Her family set up Faye's Wish to raise funds for researchers looking for a cure, control or vaccine for embryonal rhabdomyosarcoma, the disease that killed Faye. To date, they have raised almost half of their £250,000 target to support the Institute for Cancer Research. When the charity was launched four years ago, her father, Mark, told the local paper: "We just think, after everything Faye went through, we want her memory to live on as long as possible".
Thirty new charities are set up every day, on average, in England and Wales. Most of them begin around a family kitchen table. There are, today, 164,108 charities in this country. Almost half of them raise less than £10,000 a year. Three-quarters have an annual income of below £100,000. Only 1 per cent handle more than £5m annually.
Small charities are, according to the chair of the Charity Commissioners, William Shawcross, "the lifeblood" of a sector of the economy with a total annual income of £64bn. "Rather more than the defence budget," he wryly adds.

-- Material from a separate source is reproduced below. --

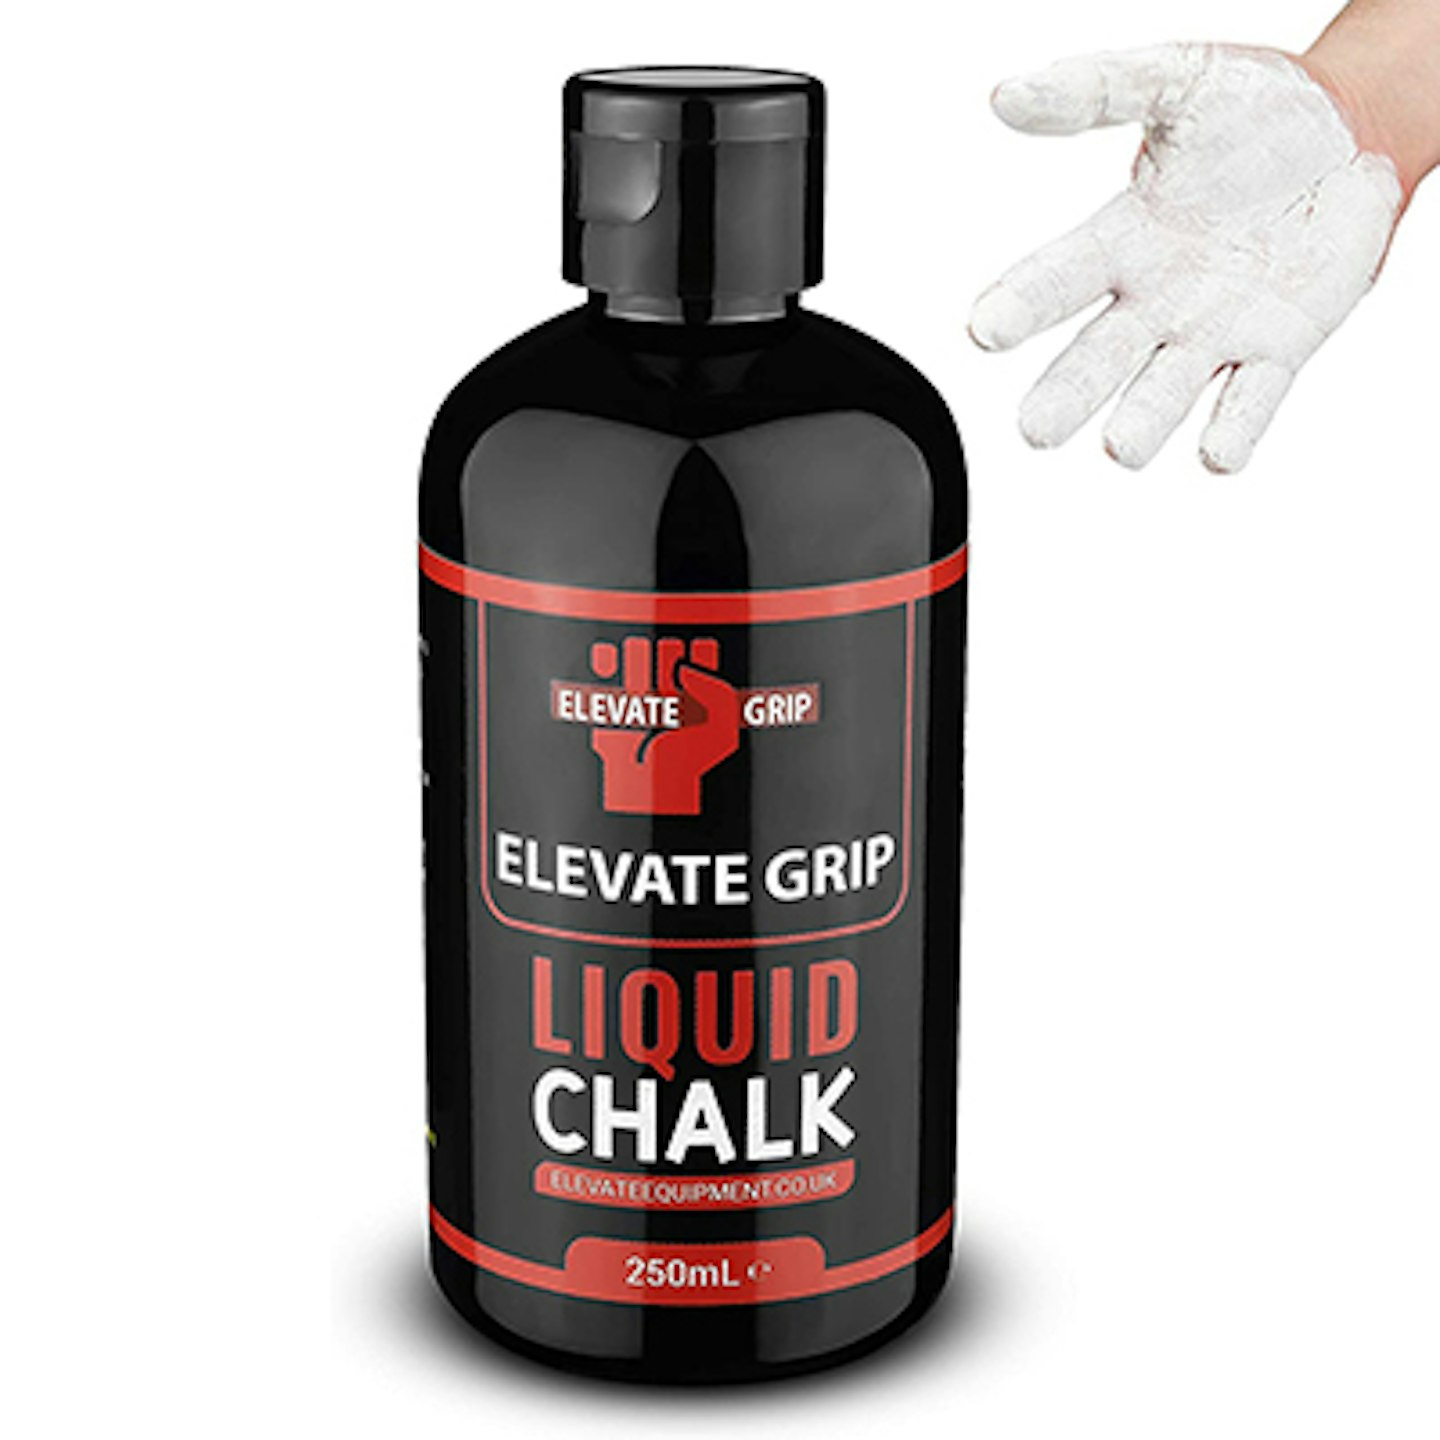 Elevate liquid chalk

Other charity chiefs have, in the past, criticised the creation of new charities, suggesting that their founders should look first to existing charities working in the same field. I once said something similar to a friend who wanted to set up a charity digging wells in India, in memory of her son who had died. Her reaction taught me that there is more to charity than economic efficiency. That is something Shawcross understands. "I resist the idea that we should stop people setting up charities," he says. "The voluntary impulse is something important which should be cherished".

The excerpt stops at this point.